Create a table, insert a row, and list the container to confirm the engine wrote data through to Azure Blob Storage:

```bash theme={"theme":{"light":"css-variables","dark":"css-variables"}}
# Forward the gateway Service to localhost:8080 in the background.
kubectl -n firebolt port-forward svc/firebolt-gateway 8080:80 &

# Create a table on the engine.
curl -s http://localhost:8080/ -H "X-Firebolt-Engine: default" \
  -H "Content-Type: text/plain" --data "create table t (val int)"

# Insert one row, which forces the engine to write a tablet.
curl -s http://localhost:8080/ -H "X-Firebolt-Engine: default" \
  -H "Content-Type: text/plain" --data "insert into t values (1)"

# List the container. New blobs appear as the engine writes data.
az storage blob list \
  --container-name firebolt-managed \
  --account-name fireboltenginedemo \
  --auth-mode login \
  --output table
```

New blobs appear under the container as the engine writes data.

## Restrict external access with an intermediary service principal

The container you set under `customEngineConfig.storage` holds the engine's managed tablet data, and the engine reaches it with the engine pod's own Azure identity. Queries that read from or write to external locations, such as external tables that point at a different container, follow a separate credential path.

By default, external access also uses the engine pod's own Azure identity.
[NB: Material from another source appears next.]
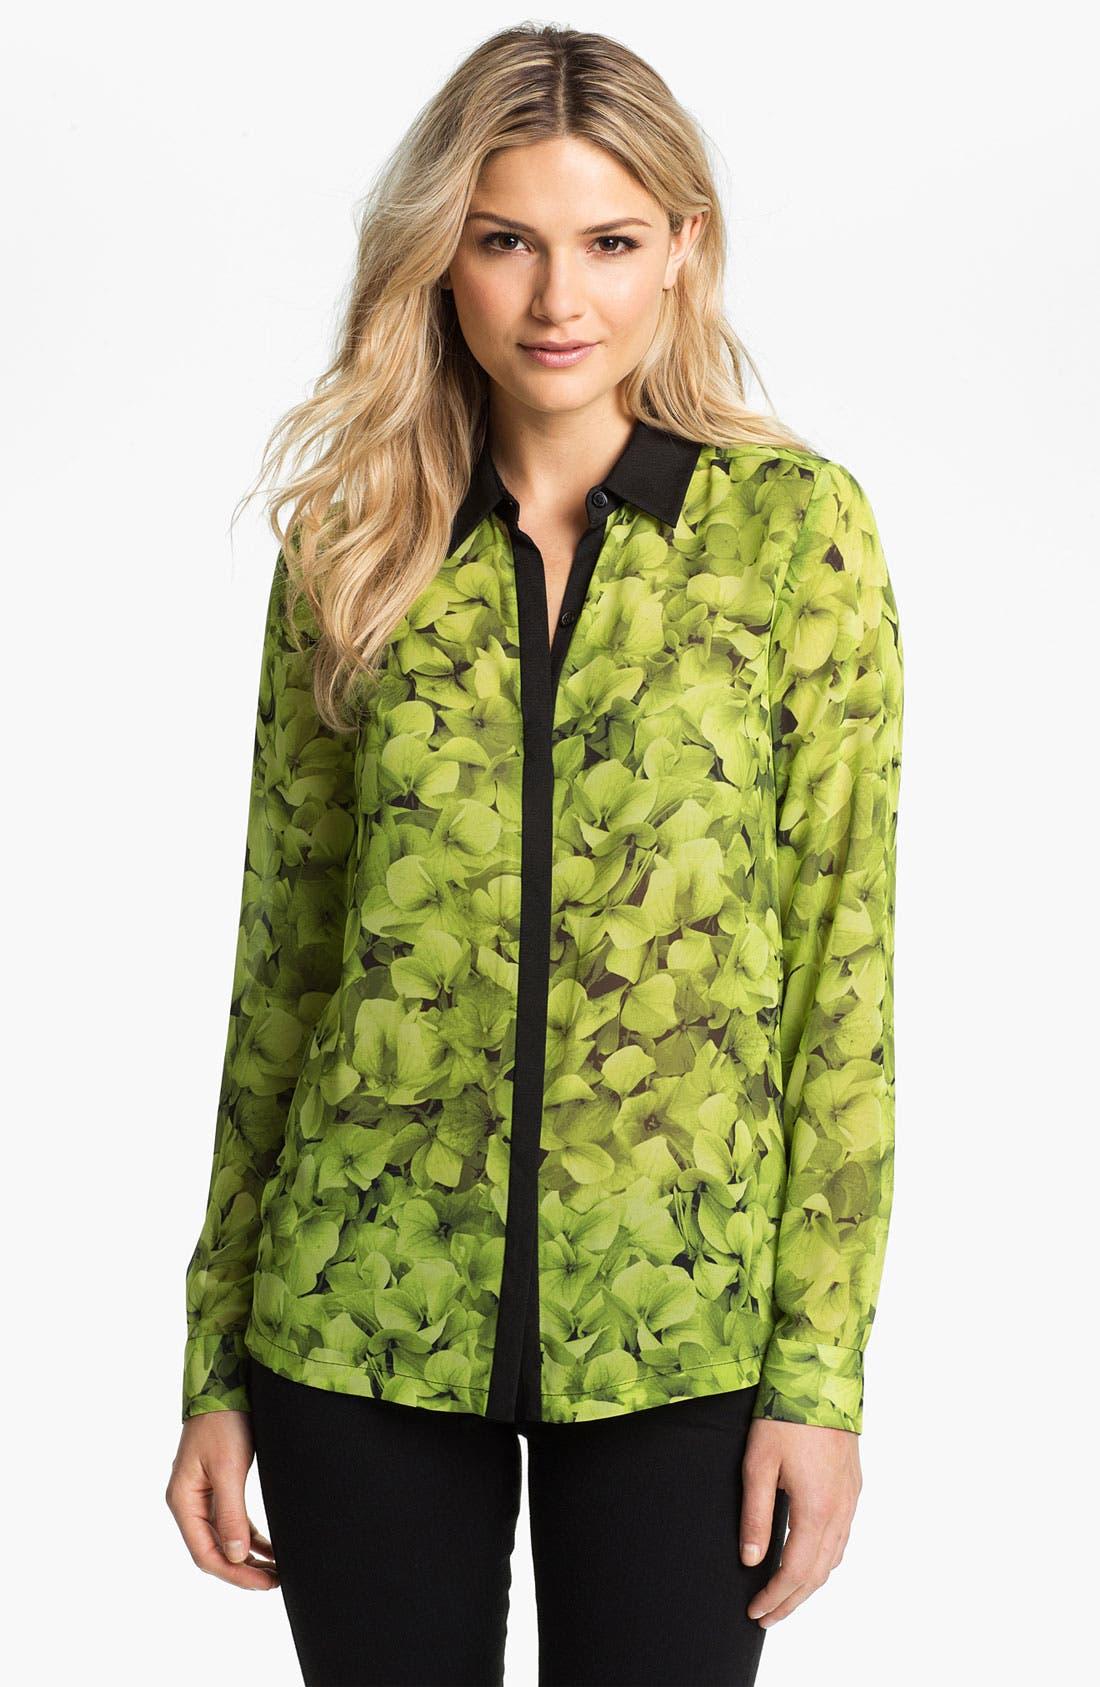 Alternate Image 1 Selected - MICHAEL Michael Kors Sheer Floral Print Blouse

That identity belongs to this chart release, so it is not a convenient identity for the owner of an external container to reference when they grant access.

An intermediary service principal gives external access a stable identity instead. When you set one, the engine uses the intermediary service principal for external access rather than its own pod identity. Because the service principal is stable and known ahead of time, you can share it with third parties and reference it in container role assignments, including on Azure subscriptions outside your own organization. Access to the object storage container always uses the engine pod's own identity, so the intermediary service principal applies only to external locations.

Create the intermediary service principal and grant it the permissions it needs to reach the external data.

Set its application client ID under `customEngineConfig.storage.azure.intermediary_service_principal_client_id`:

```yaml theme={"theme":{"light":"css-variables","dark":"css-variables"}}
customEngineConfig:
  storage:
    type: abs
    api_scheme: "azure://"
    bucket_name: firebolt-managed
    azure:
      storage_account_name: fireboltenginedemo
      intermediary_service_principal_client_id: 35f11db5-082b-46e8-9f2f-5466d8630003
```

The chart passes the `storage.azure` block through unchanged. The block is valid when `type` is `abs` or `azurite`.

## Storage scope

`customEngineConfig` is global to the release. Multiple engines under the same `engines:` list share the same `customEngineConfig.storage` block, and therefore the same container. To run engines against different containers, install the chart twice in separate releases, each with its own `customEngineConfig.storage`.